*TASK DIRECTIONS:* Every line below should be copied exactly; drop the pictures.

*DATA:*
== Segment start ==
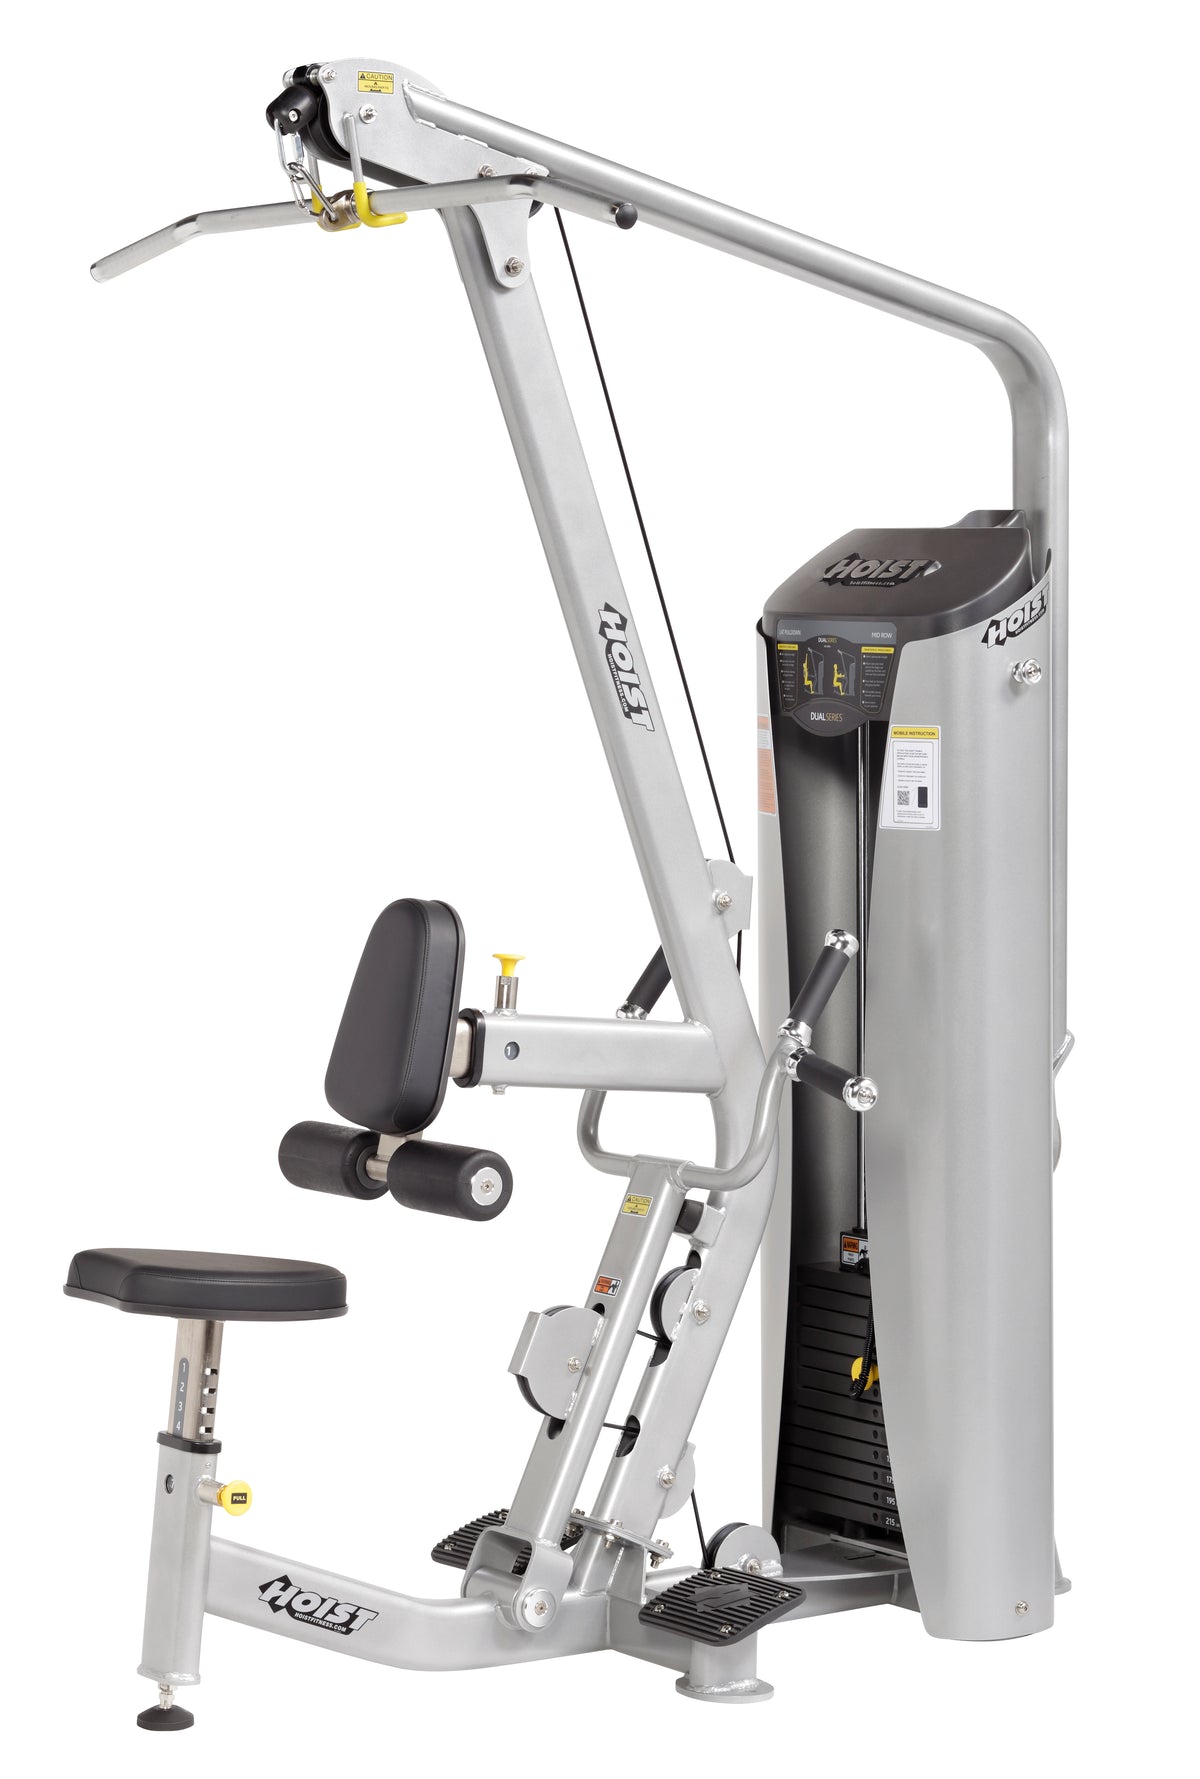 Hoist Fitness HDG-3200 Lat Pulldown/Mid Row full view | Fitness Experience
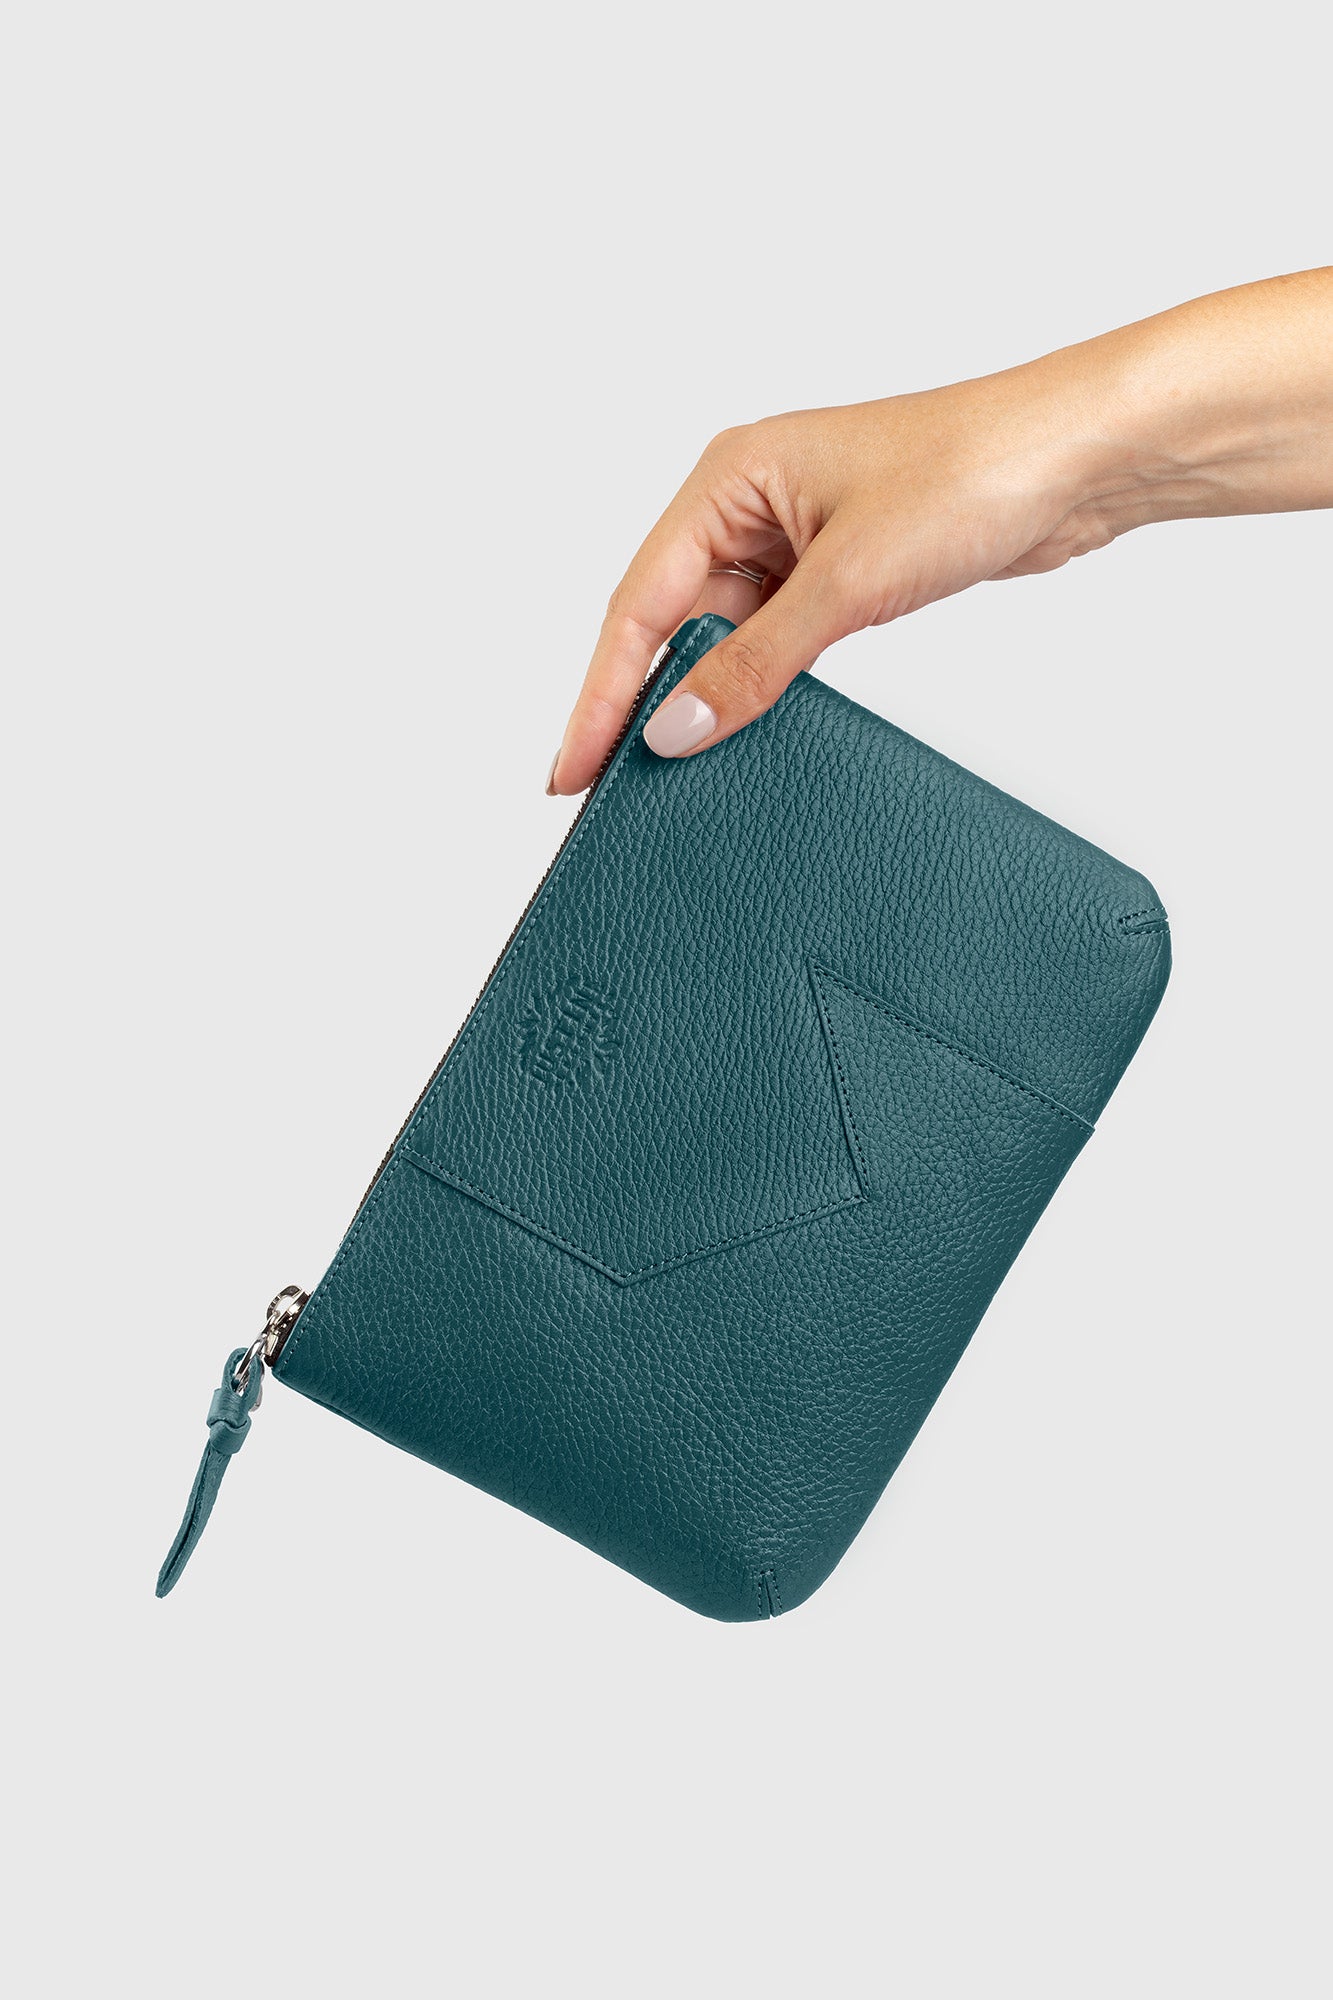 JL pouch leather - Teal green
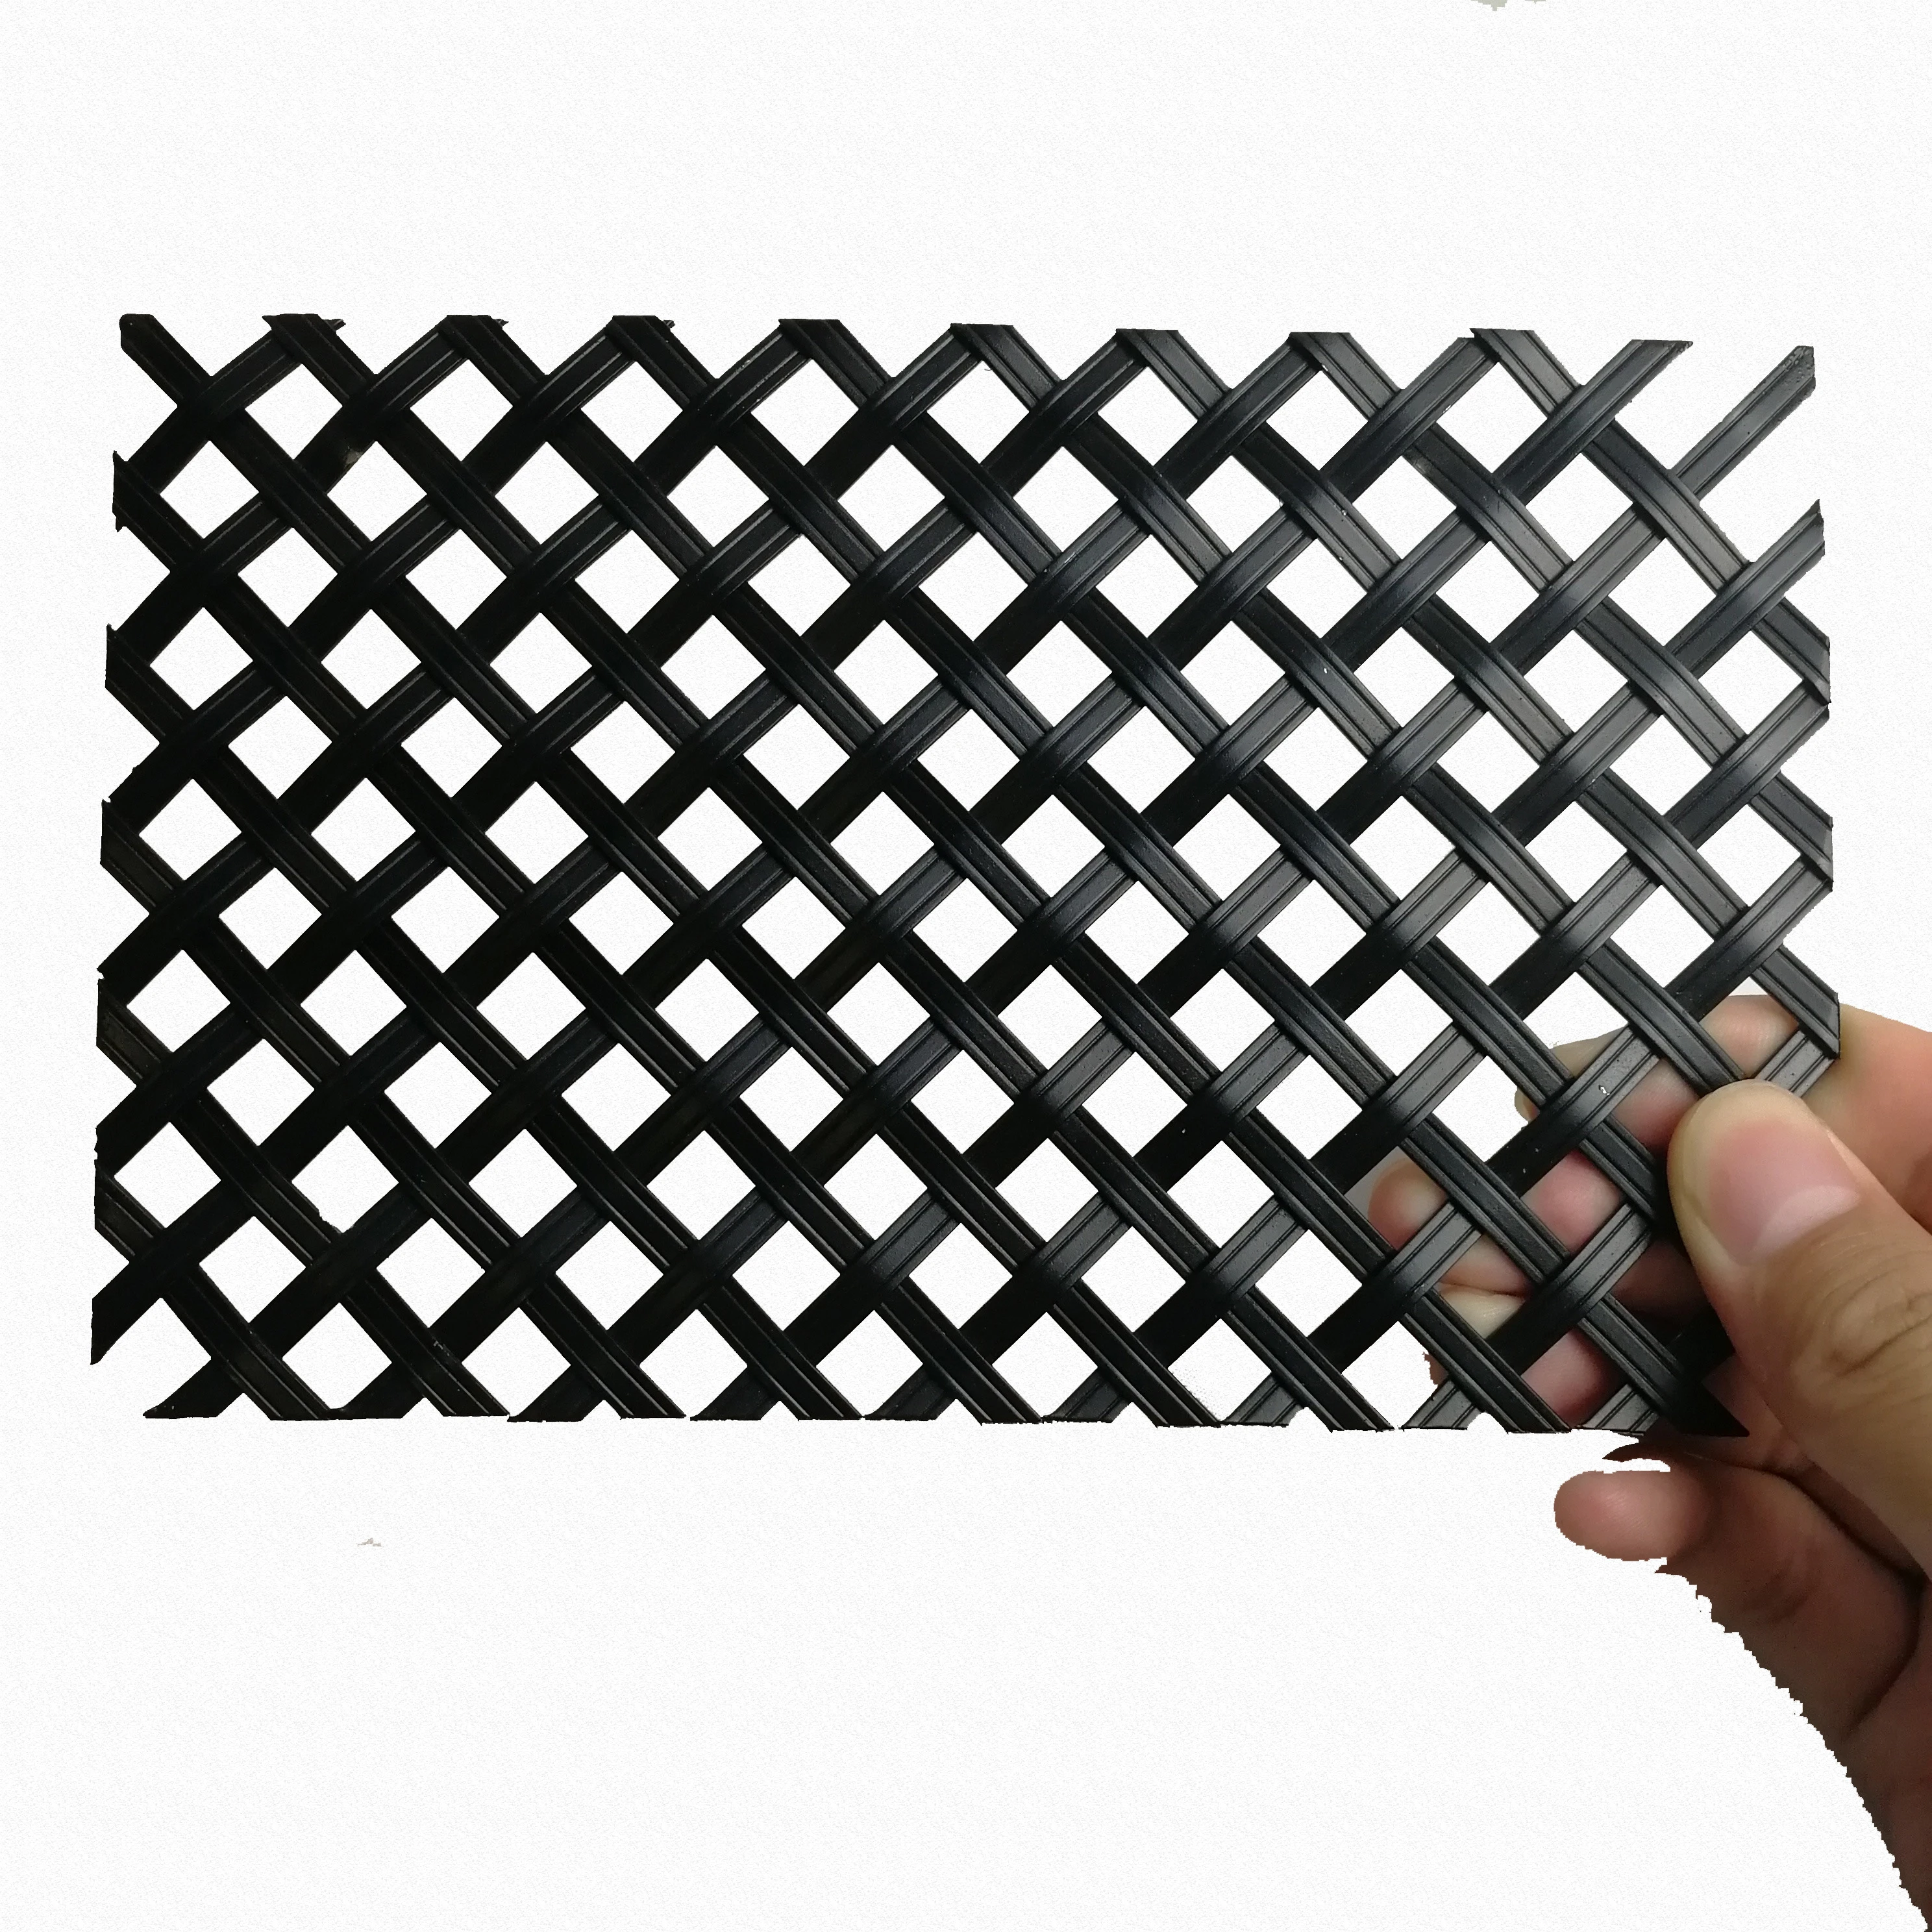 XY-1275B Shuolong decorative stainless steel wire mesh for cabinet doors
== Segment end ==
*RESPONSE:*
 Hoist Fitness HDG-3200 Lat Pulldown/Mid Row full view | Fitness Experience
 JL pouch leather - Teal green
 XY-1275B Shuolong decorative stainless steel wire mesh for cabinet doors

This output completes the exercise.